From the Lighthouse

Watching for time.

At night we watched the water, but her depths revealed nothing of themselves, all reflection and tides and unknowns. But once we looked and like a jumping fish it showed itself. We gasped to see Time. You! We almost said, but he was gone again.

What could we do with that? Dark and cold, she would neither be caressed nor worshipped, features afforded by our creatures, mountains, monuments. The mirror of her, looking back, knew us, and she held what we had meant to catch. 

It was hard to face, our faces. We went back to carving our names. We carved them in stones that looked solid enough to hold them. To last, as the saying went, the test

What test? We wondered, and the answer was Time. But time was submerged again, and the sea, seeming to see us, had always been more than we could take in. Now it was more still, and rising.

What Spills

Chasing Time.

Hurried notes claimed our footsteps, dancing us to the next moment.

Quick, the chorus called, Time is running. We, ever after it, had never known stillness. Do you mean, we wanted to ask, that once we stayed, and Time with us? What would that be like, we wondered, to climb the craggy rungs of his beard, tethered between once and will? Instead, we spilled into Space––into spaces, flooding.

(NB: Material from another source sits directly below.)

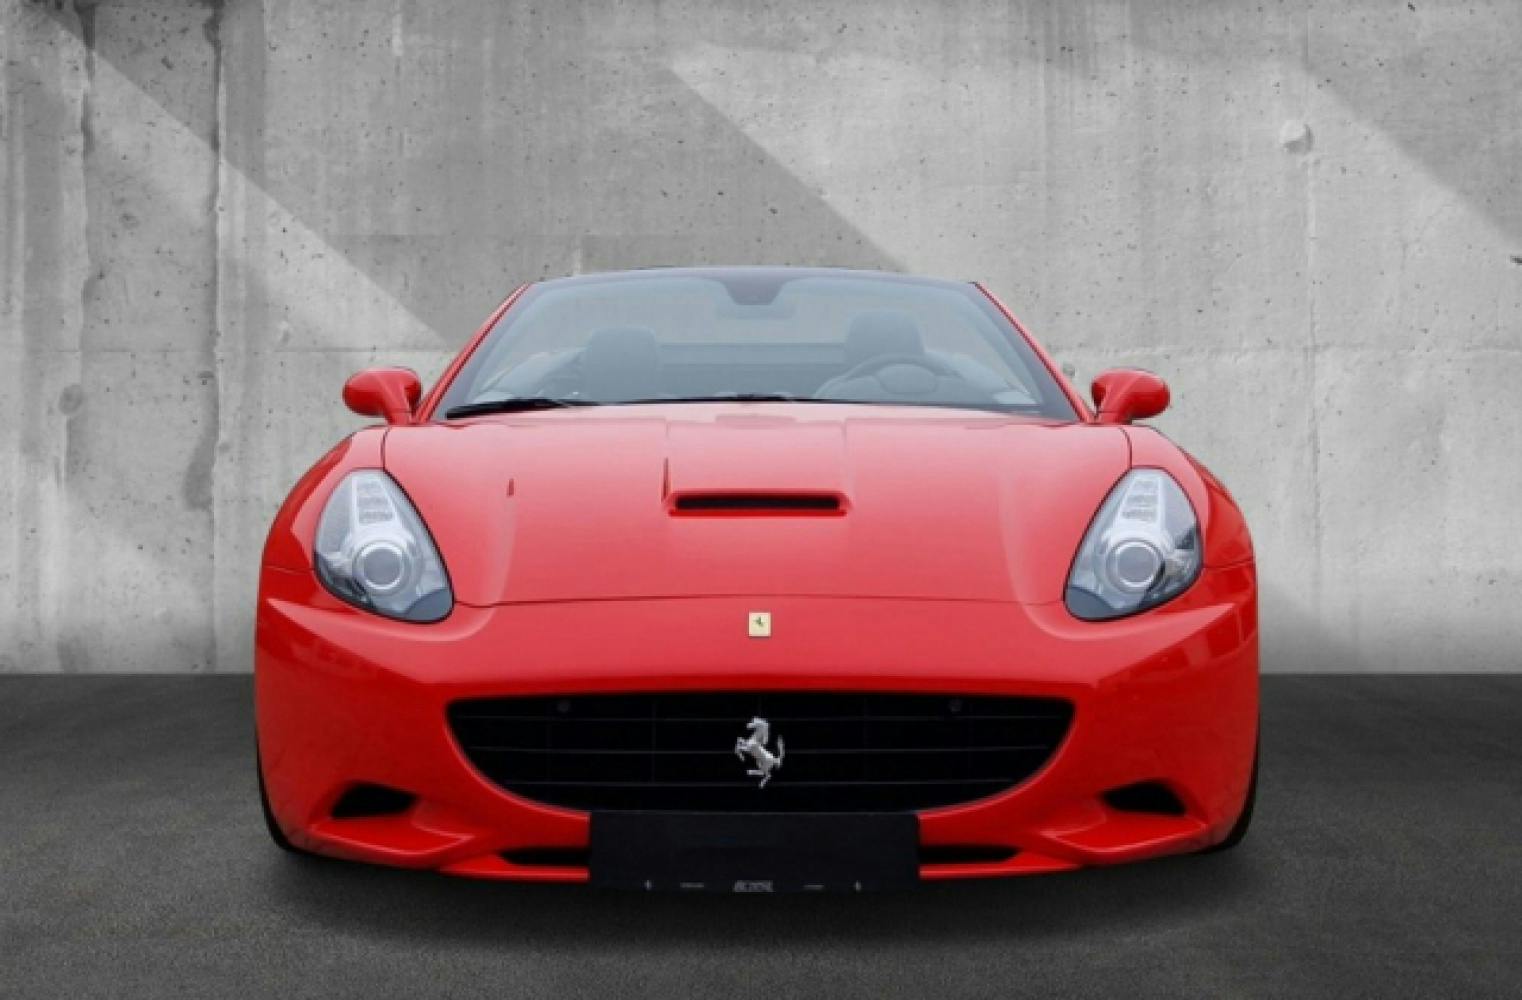 Ferrari California selber fahren | 460 PS | 60 Minuten

Something was off, or all of it. If stillness came again, we meant to ask. We thought we knew the flood story: an ark, the saving rainbow, dove of peace, but in an age on the run the known ones would not hold. How could we be the flood, the water itself, the coming storm? What did this mean for the rainbow, the dove, no longer of us?

Who floats, then, into the next dawn––or what?

Lines of Inquiry

Ancestries in spacetime.

The children of Time and Space had questions. These were about certain unknowns and uncertain knowns.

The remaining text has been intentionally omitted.